I got close to buying that on TM. Hard to fathom the logic!

----------


## Sarvo

> I got close to buying that on TM. Hard to fathom the logic!


Yes - well on a positive note - I will most likely do financially a lot better than TM sale
Will it pass as 90% - I imagine yes as its only fired 7 shots and is unmarked condition
Will they take a factory valuation into account - time will tell
Values up at 4-4500 US$$ on Guntrader etc 
Will let you know result - hope not to be seen on National News media

So - yes both my hand ins will reward me $$ wise over what I paid - BUT - it still does not take that bitter taste away for the unnecessary destruction of ones property - by "knee jerk" law enforcement !!!

----------


## Gordo

> someone needs to remind skeletor and company that if it wasnt for rifles like the garand she would be speaking german or japanese right now


She would have no idea what happened back then or what it was about much less how a rifle like this helped win a war. It would all just be in her war is bad folder. The fact she passed on the D Day commemorations says it all. The fact that millennials didn't crucify her for it shows where the future generations are are at. 

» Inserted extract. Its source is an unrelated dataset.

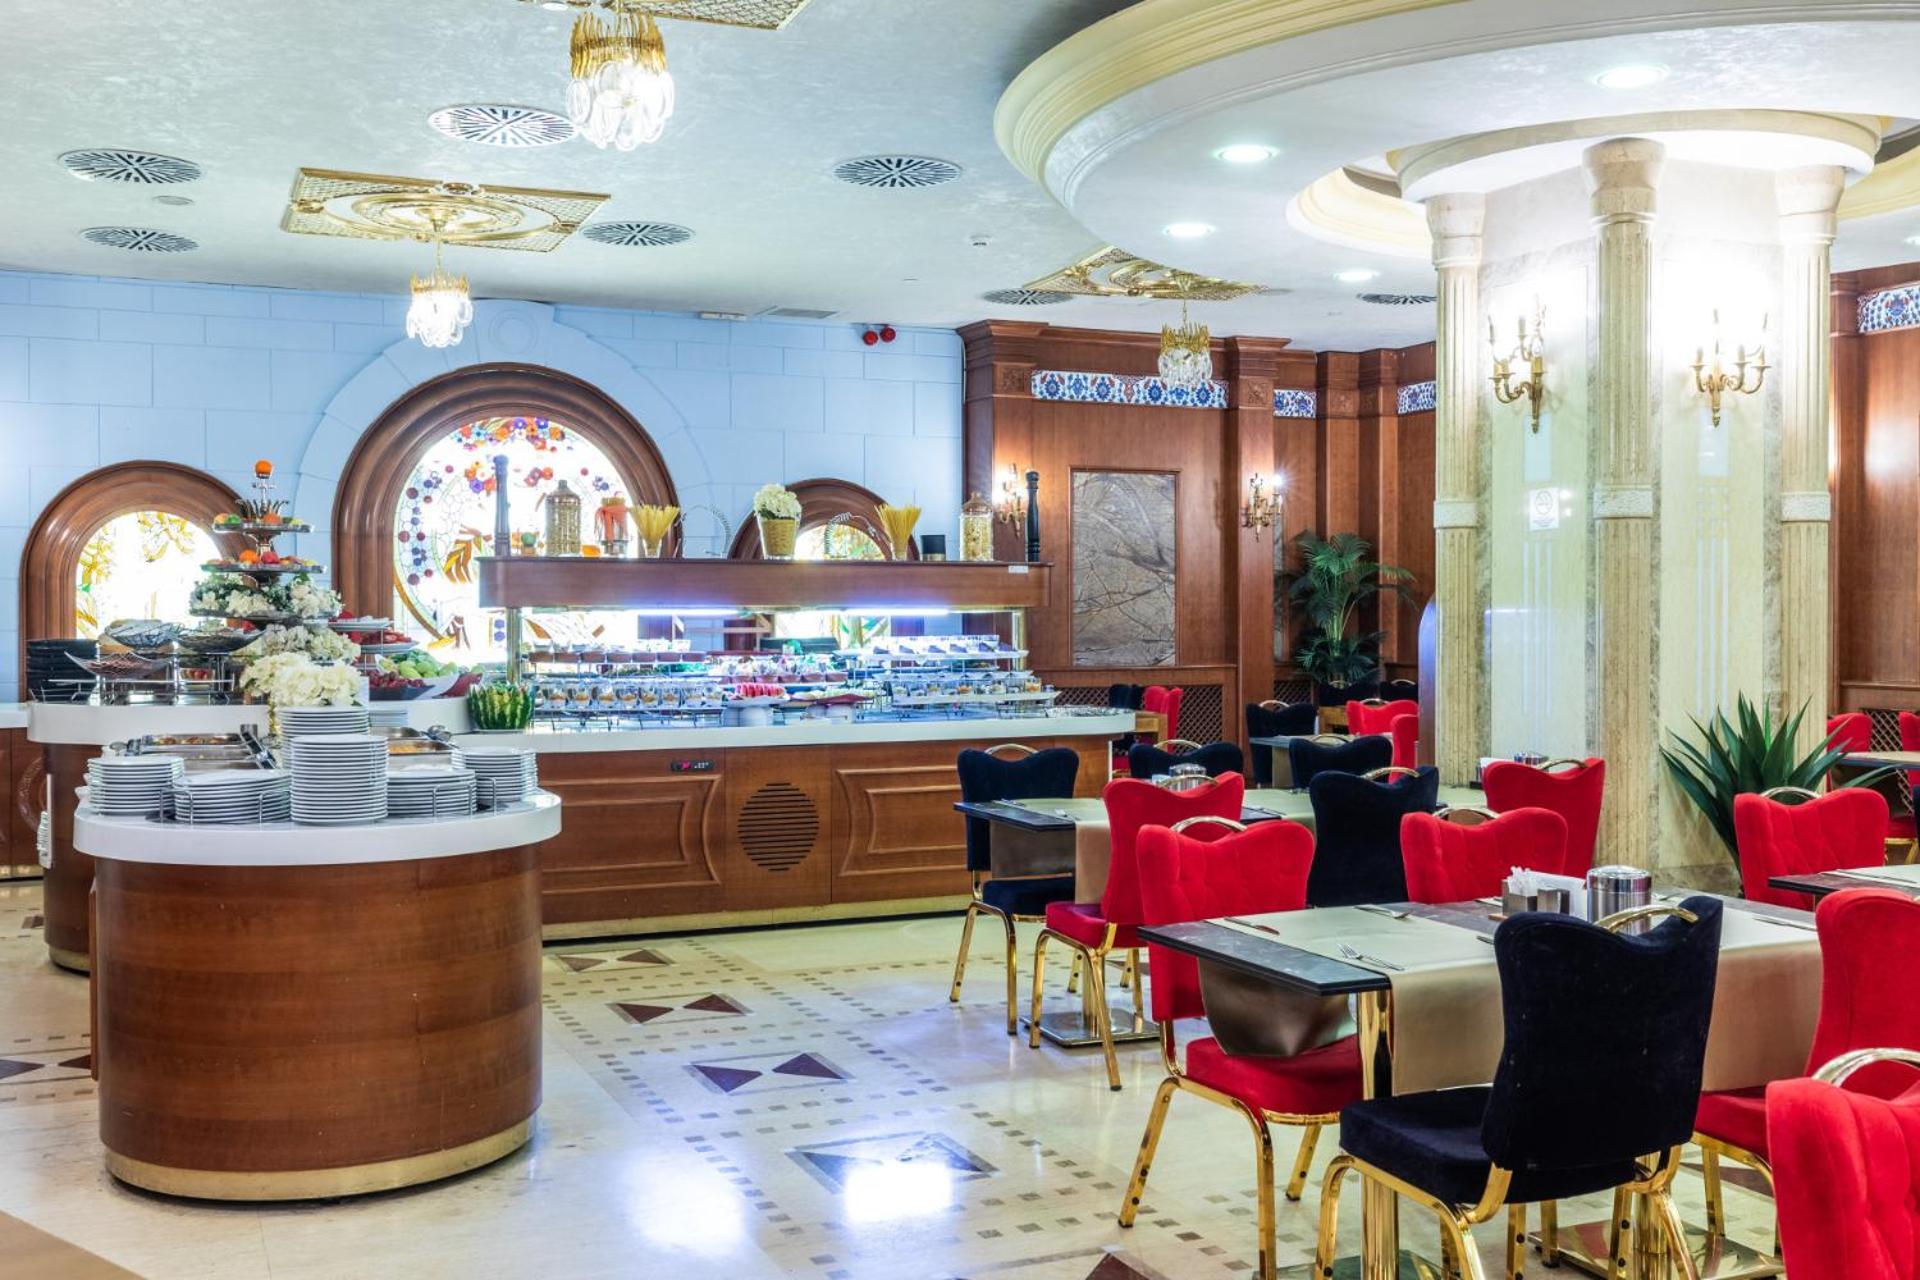 اسطنبول فندق سيلال آجا كوناجي المظهر الخارجي الصورة

MacArthur said people would try to rewrite what happened during WWII and he will be proven right.

----------


## 7mmwsm

> Here is something "maybe" to some of us but not "we"  :-)
> Something that flips this whole fucking fiasco on its head for what it is 
> I am loosing two - a pump Marina Mossberg that I use regular as a work weapon - but I will get back double what I paid so ???
> 
> This however 
> Waiting on a valuation on this from Browning Custom factory in Belgium
> I have already made Cameron Sports cry - so might as well make a few more feel sick - prob not as sick as me the day I watch its barrel get bent (no I wont watch as to be perfectly honest I could not trust myself to "just" stand there and watch :-(
> 
> PS - Have 50 rounds of 300 Win Mag to get rid off
> ...


If that were mine I would be tormenting every politician with pictures of it and asking what they think of this piece of art being classed as a MSSA.

----------


## Sarvo

> If that were mine I would be tormenting every politician with pictures of it and asking what they think of this piece of art being classed as a MSSA.


I sent it to Mike Hosking last Friday morning - but unsure if it got to air as I had to leave the radio for town.
I sent after Nash was saying these rifle are ALL designed for one thing and one think only - and that is to kill people.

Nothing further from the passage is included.